*Task objective*
All lines below must be repeated exactly, with the pictures omitted.

*Dataset section*
──────────────────────────────
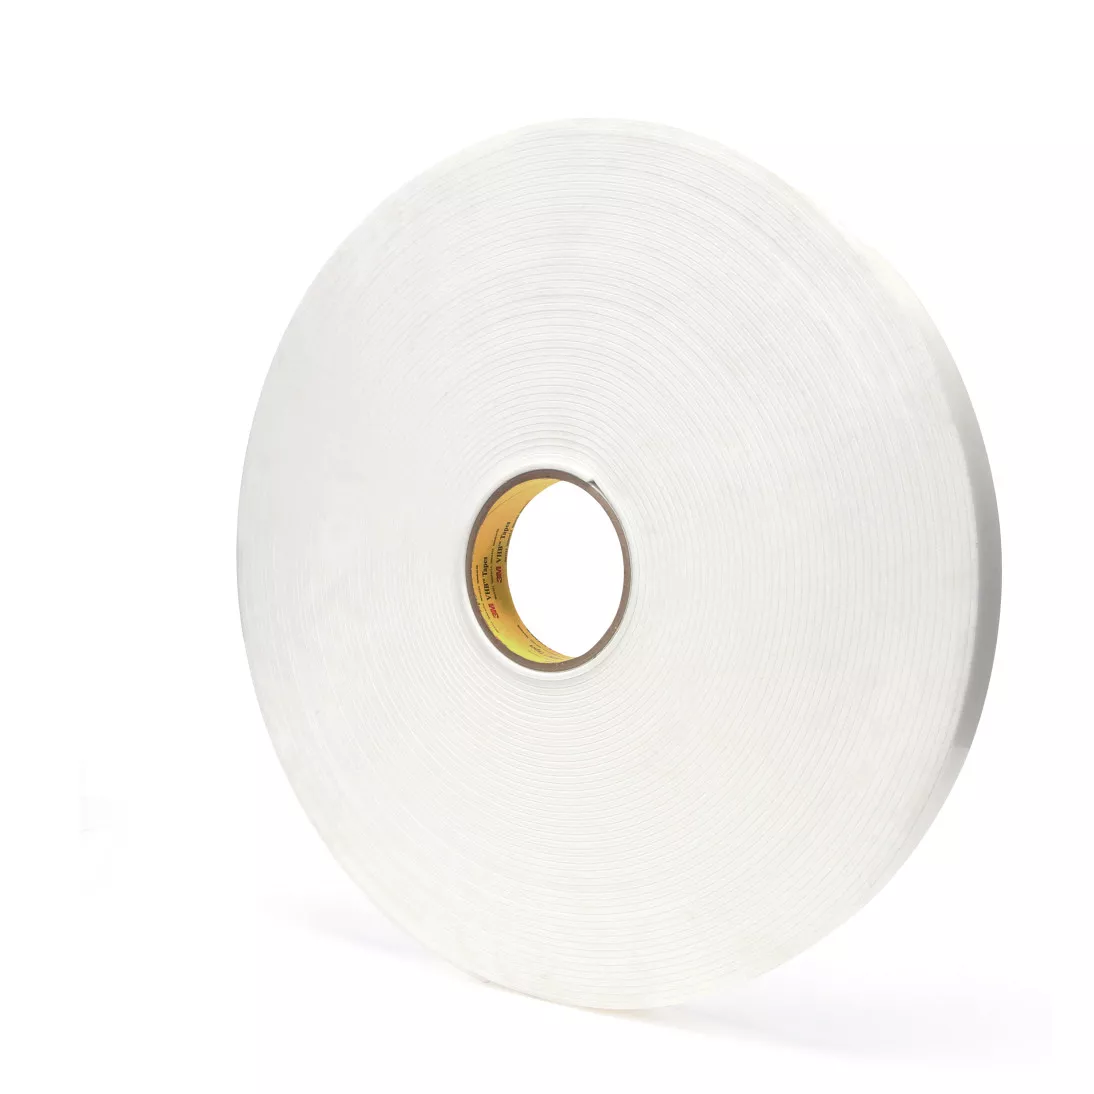 3M™ VHB™ Tape 4959, White, 1 in x 36 yd, 120 mil, 9 rolls per case
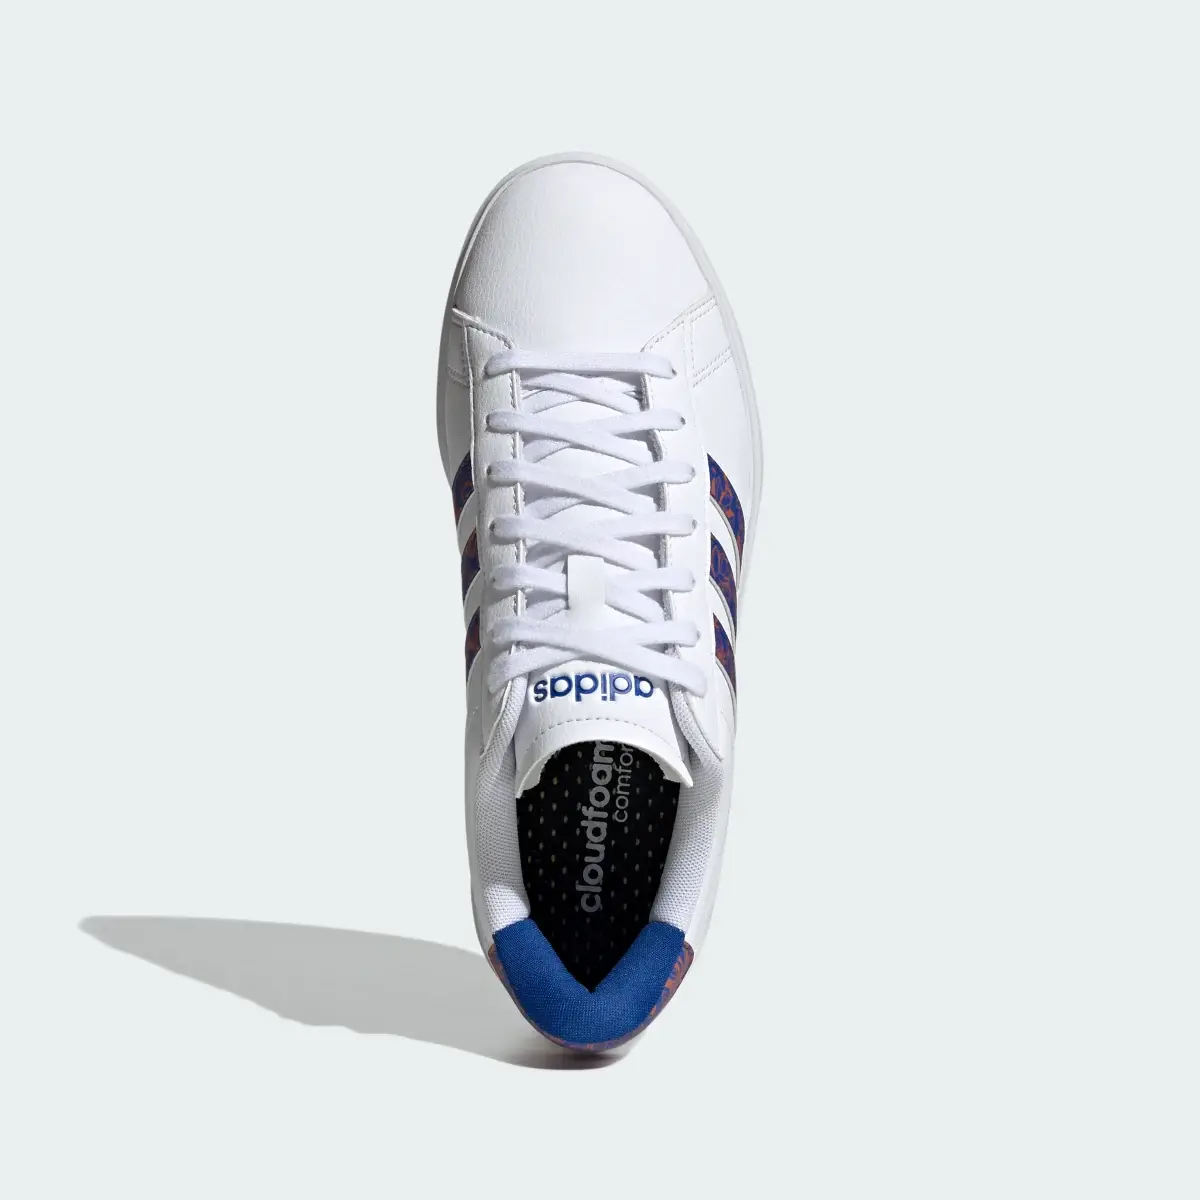 Adidas Grand Court 2.0 Ayakkabı. 3
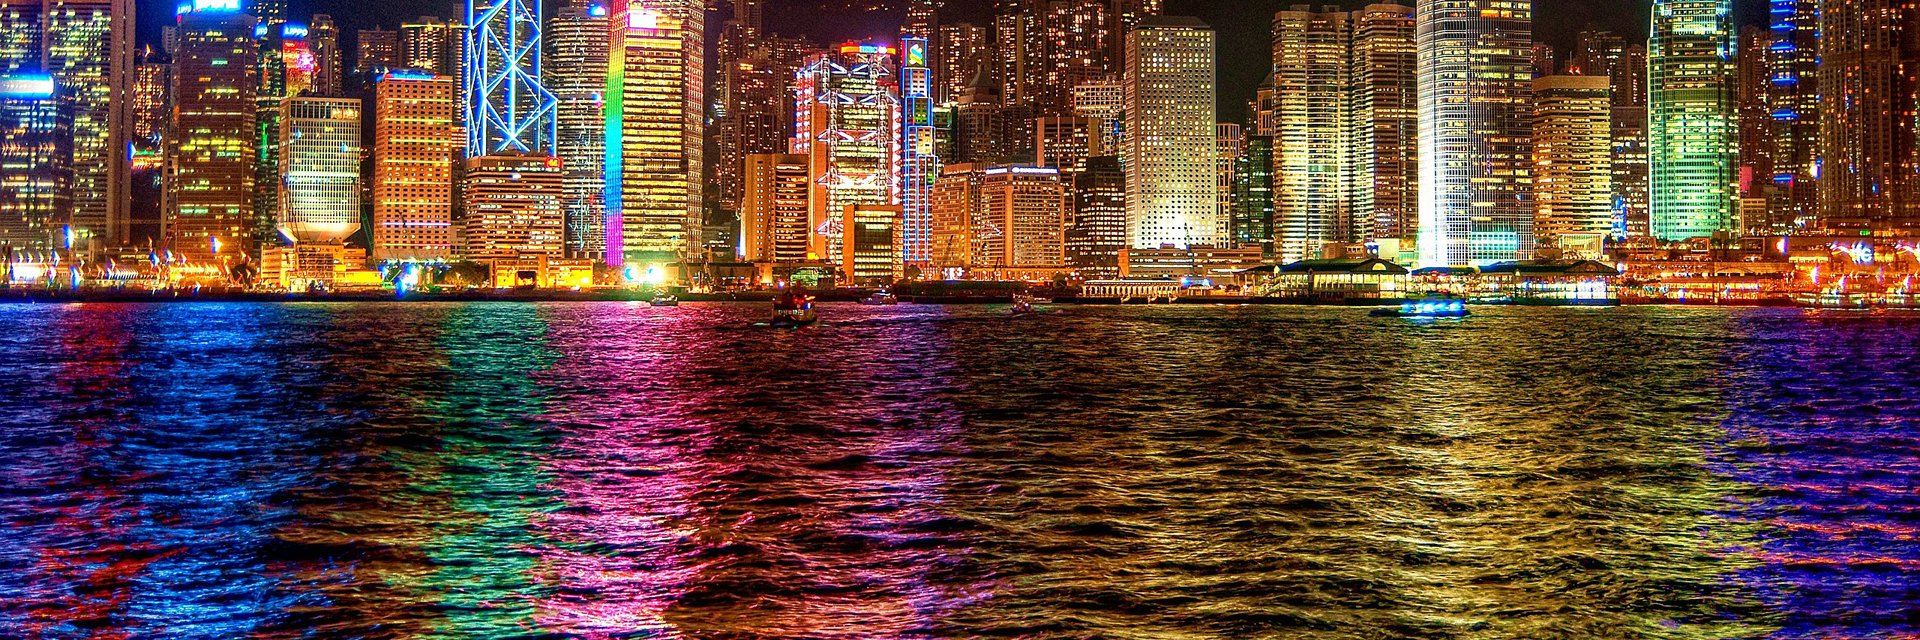 Dorsett Mongkok 4* (Гонконг, Гонконг) - цены, отзывы, фото, бронирование - ПАКС
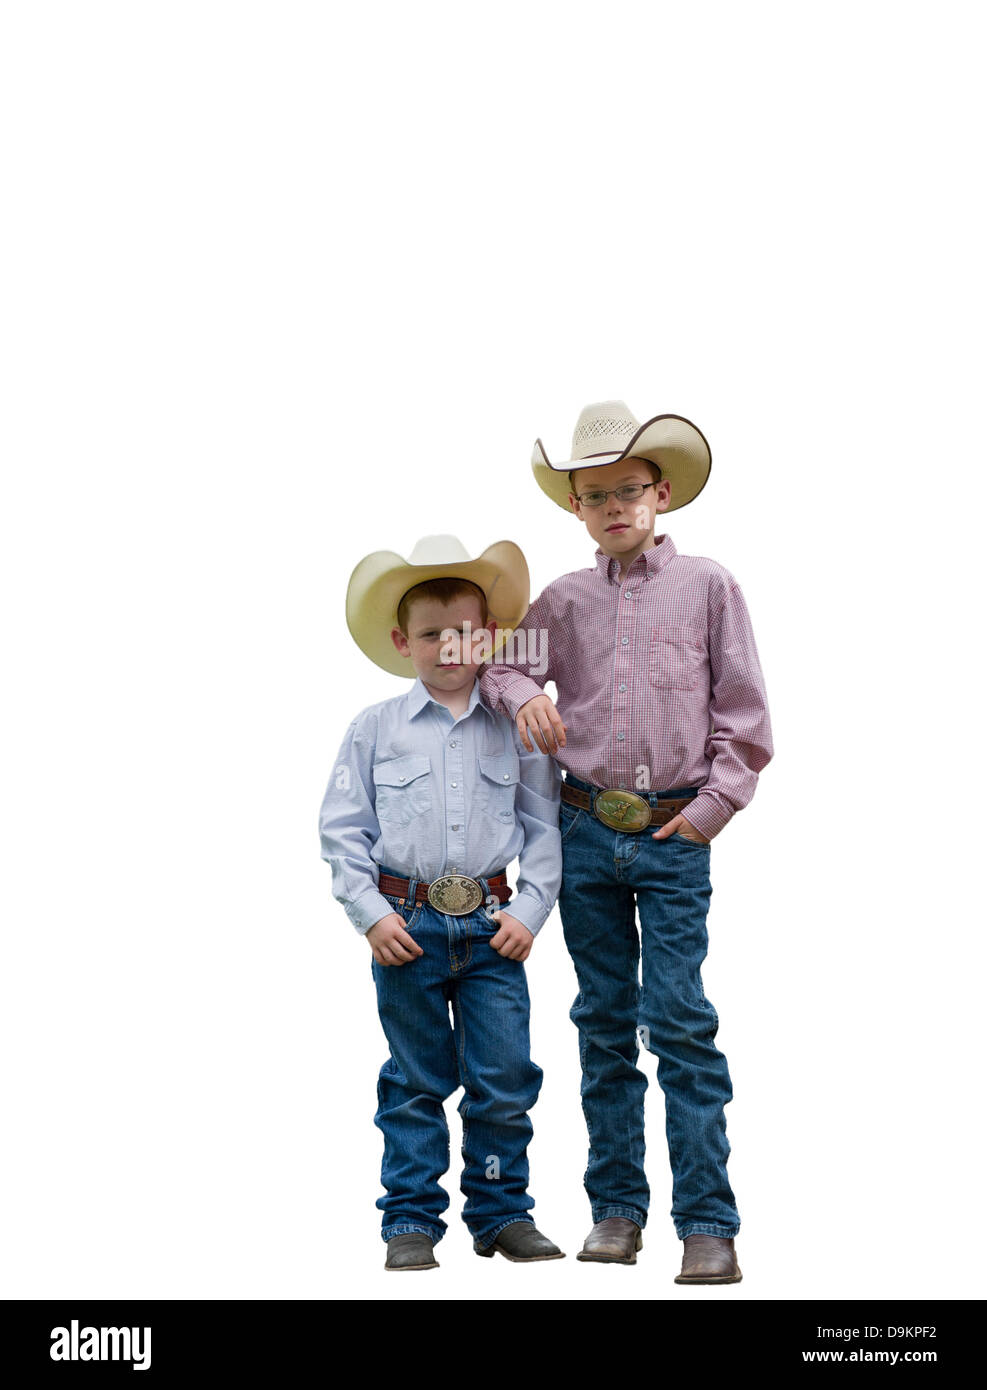 Vaqueros jóvenes Imágenes recortadas de stock - Alamy
──────────────────────────────
*Response box*
 3M™ VHB™ Tape 4959, White, 1 in x 36 yd, 120 mil, 9 rolls per case
 Adidas Grand Court 2.0 Ayakkabı. 3
 Dorsett Mongkok 4* (Гонконг, Гонконг) - цены, отзывы, фото, бронирование - ПАКС
 Vaqueros jóvenes Imágenes recortadas de stock - Alamy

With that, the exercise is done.